Working with gcloud.
- Sometimes, ssh gets confused. I found removing my keys helped: rm ~/.ssh/google_*
- SSH fails with the bland 4033: u'not authorized' for many reasons, including your instance not running.
- I use shortcuts for common gcloud commands, with g as my hint command. Below is the section from my .bash_profile.

    # Google Compute Platform Alias)
    export G_INSTANCE_NAME="fastai-1"
    export G_PROJECT_TAG="neural-aquifer-29999"
    export G_BASE="~/p/fastai"
    export G_IMAGE_FAMILY="pytorch-latest-gpu"
    export G_ZONE="us-west1-b"
    export G_INSTANCE_TYPE="n1-highmem-8"
    alias gg="cd $G_BASE; source google_cli_profile"
    alias gdown="gcloud compute instances stop $G_INSTANCE_NAME"
    alias gup="gcloud compute instances start $G_INSTANCE_NAME"
    alias ginst="gcloud compute instances list"

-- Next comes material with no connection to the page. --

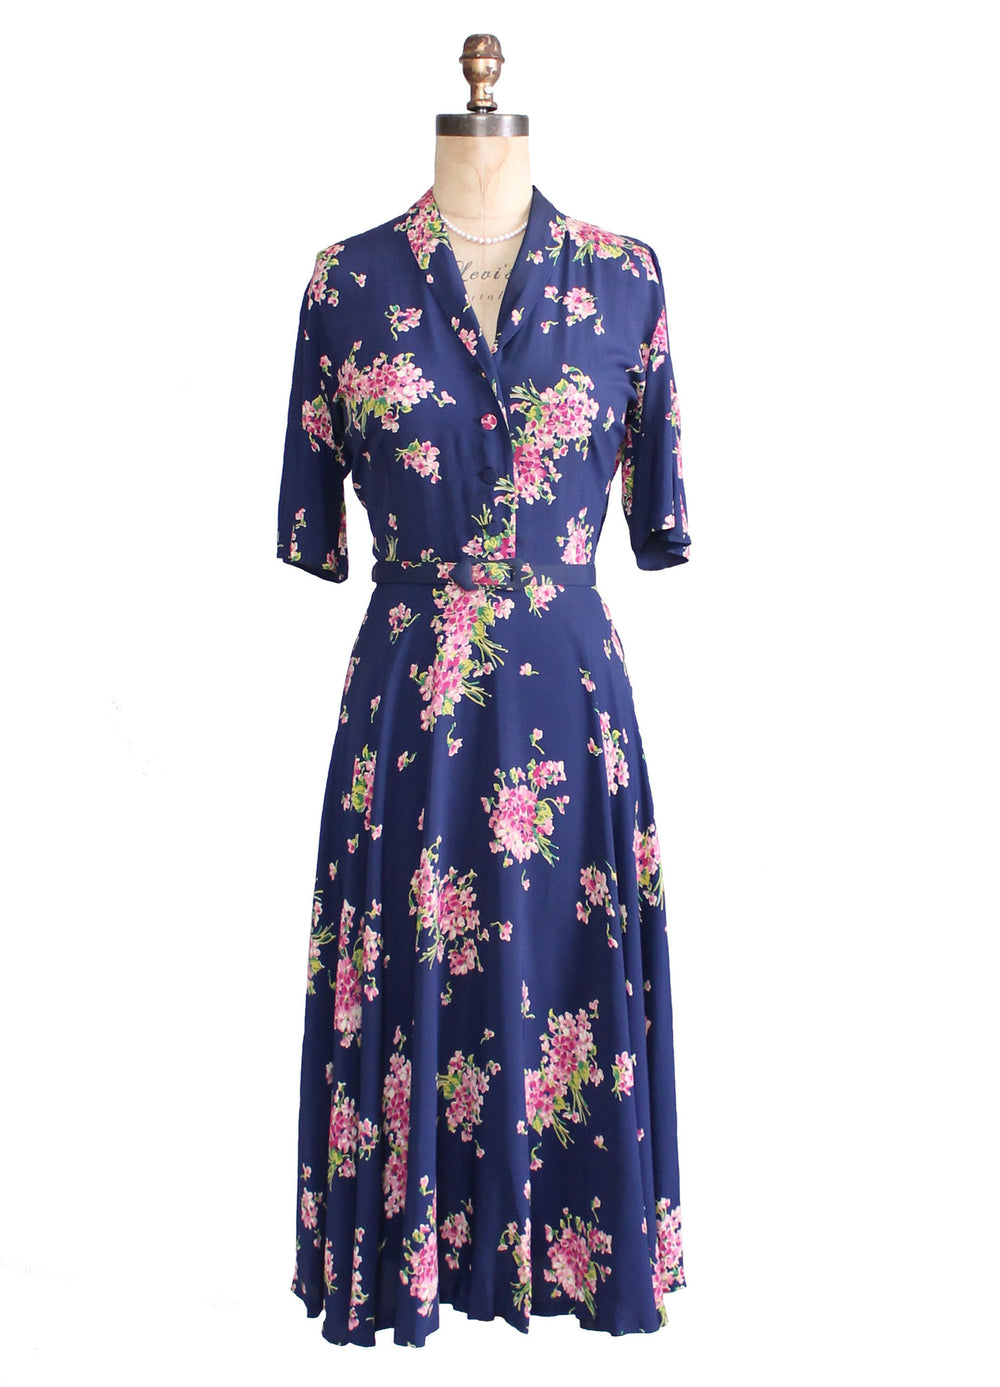 Vintage 1940s Pink Bouquet Floral Rayon Dress - Raleigh Vintage

    alias gcon="open https://console.cloud.google.com/compute/instances?project=$G_PROJECT_TAG&instancessize=50"
    alias gai1="open https://course.fast.ai/videos/?lesson=1"

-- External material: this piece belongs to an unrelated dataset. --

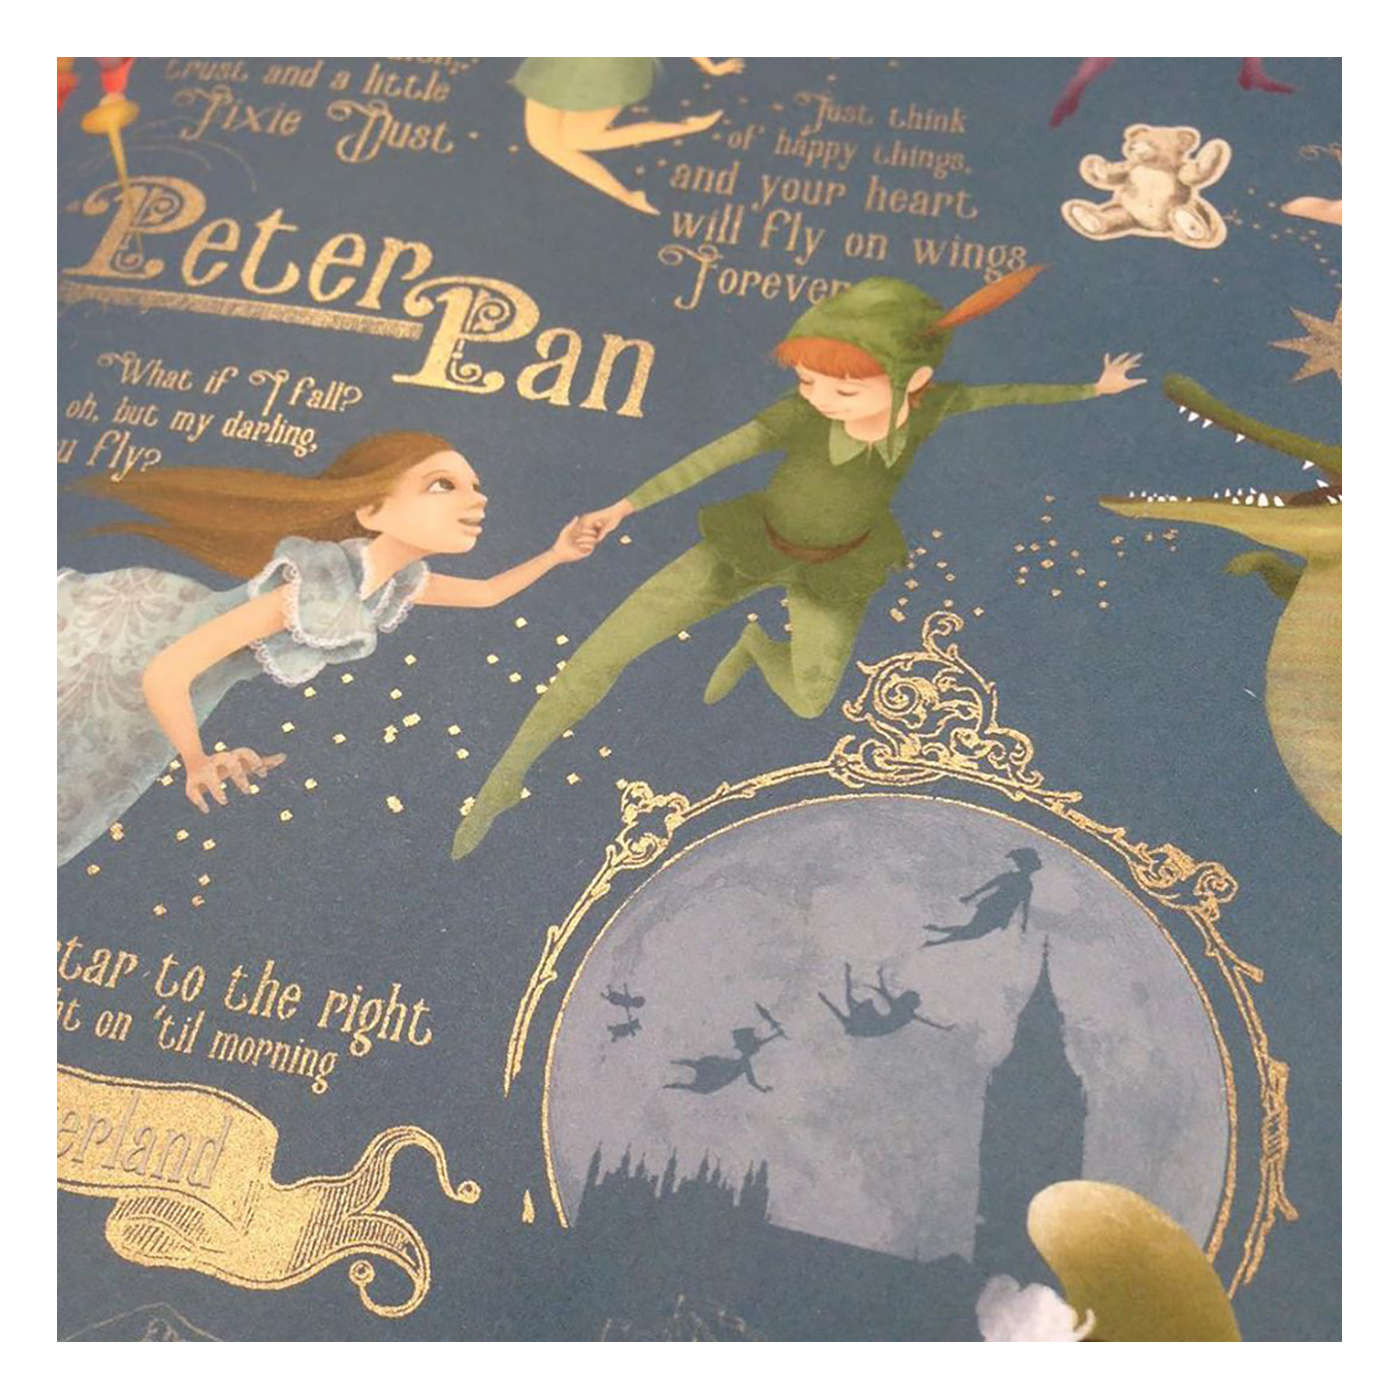 peter pan fairy tale pattern giftwrap Stationery Wrapping paper Tinker Bell hook

    alias gjup="open http://localhost:8080"
    alias gssh="gcloud compute ssh --zone=$G_ZONE jupyter@$G_INSTANCE_NAME -- -L 8080:localhost:8080"
    alias g="echo \"
        Variables G_INSTANCE_NAME, G_PROJECT_TAG, G_BASE, G_IMAGE_FAMILY, G_ZONE, G_INSTANCE_TYPE
        gg = go to directory and set gcloud path
        gdown = turn instance off
        gup = turn instance on
        ginst = list GCP instances
        gcon = open GCP console
        gai1 = open FastAI lesson 1
        gssh = ssh to the image
        gjup = open jupyter in localhost

        gcloud compute instances create $G_INSTANCE_NAME
    		--zone=$G_ZONE
    		--image-family=$G_IMAGE_FAMILY
    		--image-project=deeplearning-platform-release
    		--maintenance-policy=TERMINATE
    		--accelerator=quote type=nvidia-tesla-p100,count=1 quote
    		--machine-type=$G_INSTANCE_TYPE
    		--boot-disk-size=200GB
    		--metadata=quote install-nvidia-driver=True quote
        	# add --preemptible for cheaper and 24hr delete
        \""

Good luck! Ask if you have problems.